Thursday, April 21, 2011

We may Never Recover

Will we recover?  Did we ever really recover from the 2002 downturn?

Even ignoring the issues of "peak oil" or "global warming" there is reason to be concerned that the train has seriously gone of its track.

This according to Mervyn King, the Governor of the Bank of England:
The Governor of the Bank of England warned ...that living standards may never recover from the financial crisis and that households were only just starting to feel the full impact of bankers' mistakes.
Mervyn King told MPs that ordinary people were not to blame for the pain ahead and that he was surprised there had not been more public fury.

"It is not like an ordinary recession where you lose output and get it back quickly," the Governor said when asked if the country would ever recover from a squeeze on living standards on a scale not seen since the 1920s.

"You may not get it back for many years, if ever, and that is a big long-run loss of living standards for all people in this country."

Mr King said that unlike previous recessions, the economy had not needed a shake-up to get industries out of state control or weaken union power and that the people bearing the most pain are blameless.

"They can't look at this and say, 'Okay, something was wrong that has to be put right' and they don't get bonuses on the scale of people in the financial services sector," he told the House of Commons Treasury Committee.

"The cost of this crisis is only now being felt. I'm surprised that the degree of anger hasn't been greater." from Sean Farrell, King Says Living Standards May Never Recover, The Independent (of U.K), 3-02-2011.   ht nc.

Riva Froymovich, Wall Street Journal, April 21, 2011
The risk that unemployment remains at current levels after the financial crisis—including in the U.S.—is a major concern, the Organization for Economic Cooperation and Development said in a report Wednesday.
The OECD listed a number of countries where jobless rates had jumped by more than two percentage points since the crisis began. They included the U.K., Italy, Ireland, Greece, Portugal, the U.S.—where the jobless rate has risen five percentage points— and Spain, where the jobless rate has risen more than 12 percentage points.
"A main concern in countries most severely hit is that persistently high levels of unemployment—and a rising share of unemployed workers facing long spells without a job—will eventually result in widespread deterioration of human capital, discouragement and labor-market withdrawal," the OECD said. "The risk is strongest for youth and less-skilled workers who have been disproportionately affected by the rise in unemployment." 
The first piece noted a surprise that there is not more anger.  I thing the anger is somewhat directionless at the moment.  But as the Middle East has shown, that can change.  Of course, it may not change, in which case many (most?) will be slinking into a slow dissolute impecunious oblivion.

3 comments:

Waldow said...

"[most] will be slinking into a slow dissolute impecunious oblivion."

Yes sir. Well put.

I do a lot to try and get people pissed off, and they just don't seem to have it in them anymore. As I like to say, people now are like guitars with broken strings, no tension, hollow.

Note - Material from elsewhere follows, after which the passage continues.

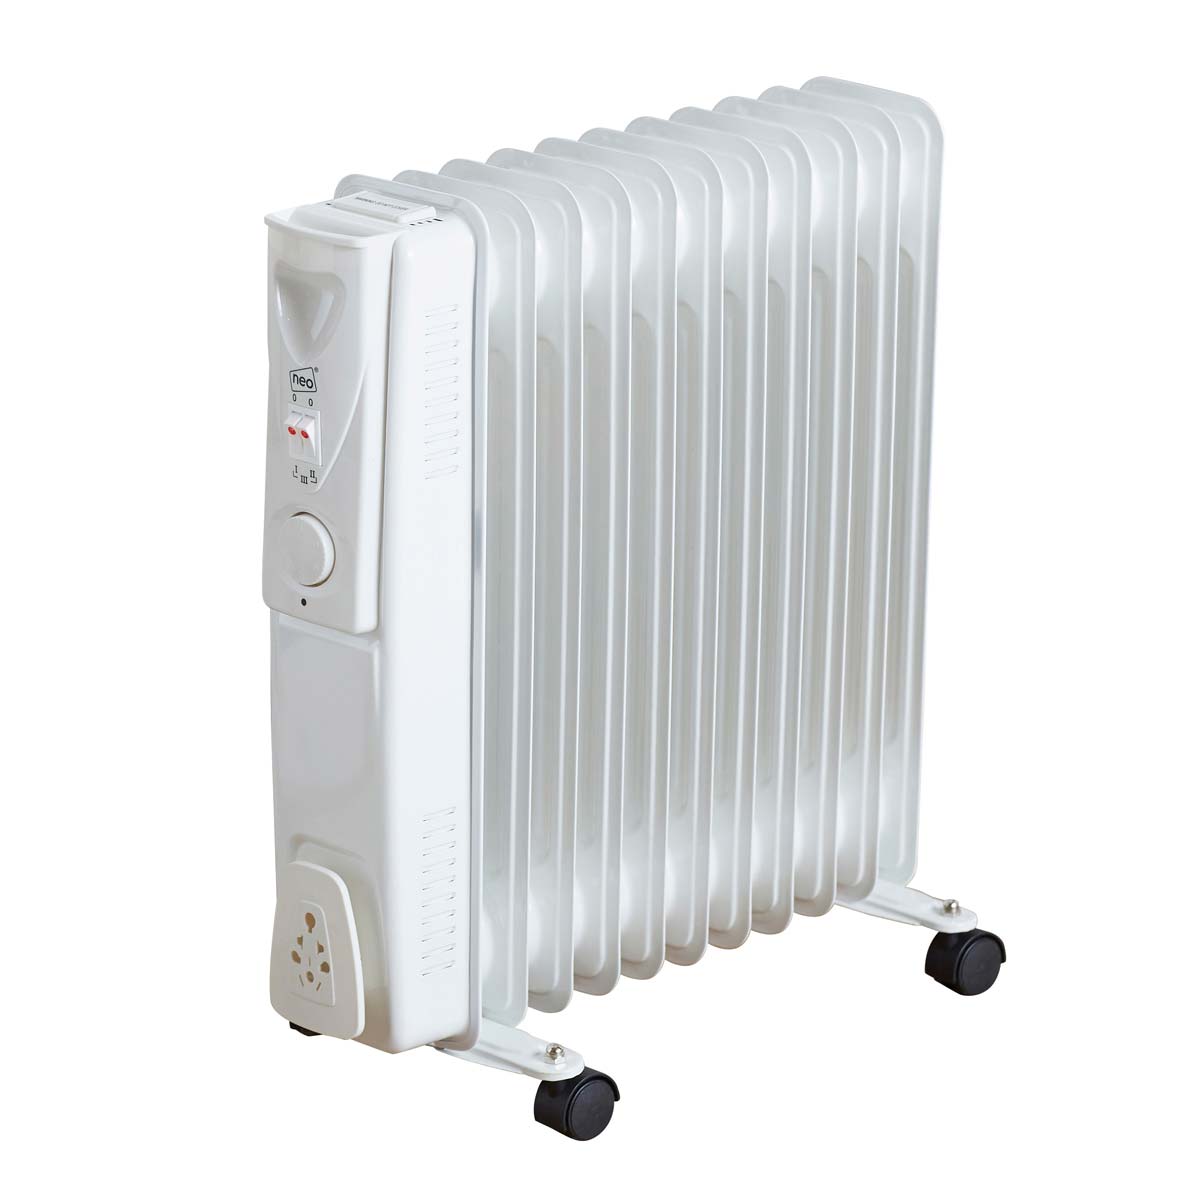 Neo Direct Neo 11 Fin 2.5kW White Electric Oil Filled Radiator

But "Some men u just can't reach," so there will be a tipping point eventually, but to be very effective I think it needed to happen sometime well before 2000. Probably in about 1980, which coincidentally was circa a pretty bad recession, a hang over from the financial glut of mid-east oil money from the 70s. That black shit's been the whiskey that drove us all onto a reservation.

Waldow said...

The graph from yr previous post "Hitting the Wall" shows clearly the biggest blow in this battle was indeed around 1980.

russell1200 said...

LOL-I am glad you liked that line. I had to look up dissolute to make sure I had the meaning correct.

We choose to borrow our way to prosperity rather than fight. We have done it at the personal, corporate, and country level. Without the borrowing there might have been a fight. Or there might have been some more realistic attitudes about consumption and finance.

Mr. King appears to be making a different version of the "low hanging fruit being already picked" argument. I started to make a point of it, but realized that that argument did not seem to be that relevant to us. Or at least because of the chart you noted, it becomes harder to make the argument that the "improvements" in the management of the U.S. economy post-Reagan were real. Greenspan is no longer universally seen as the Maestro.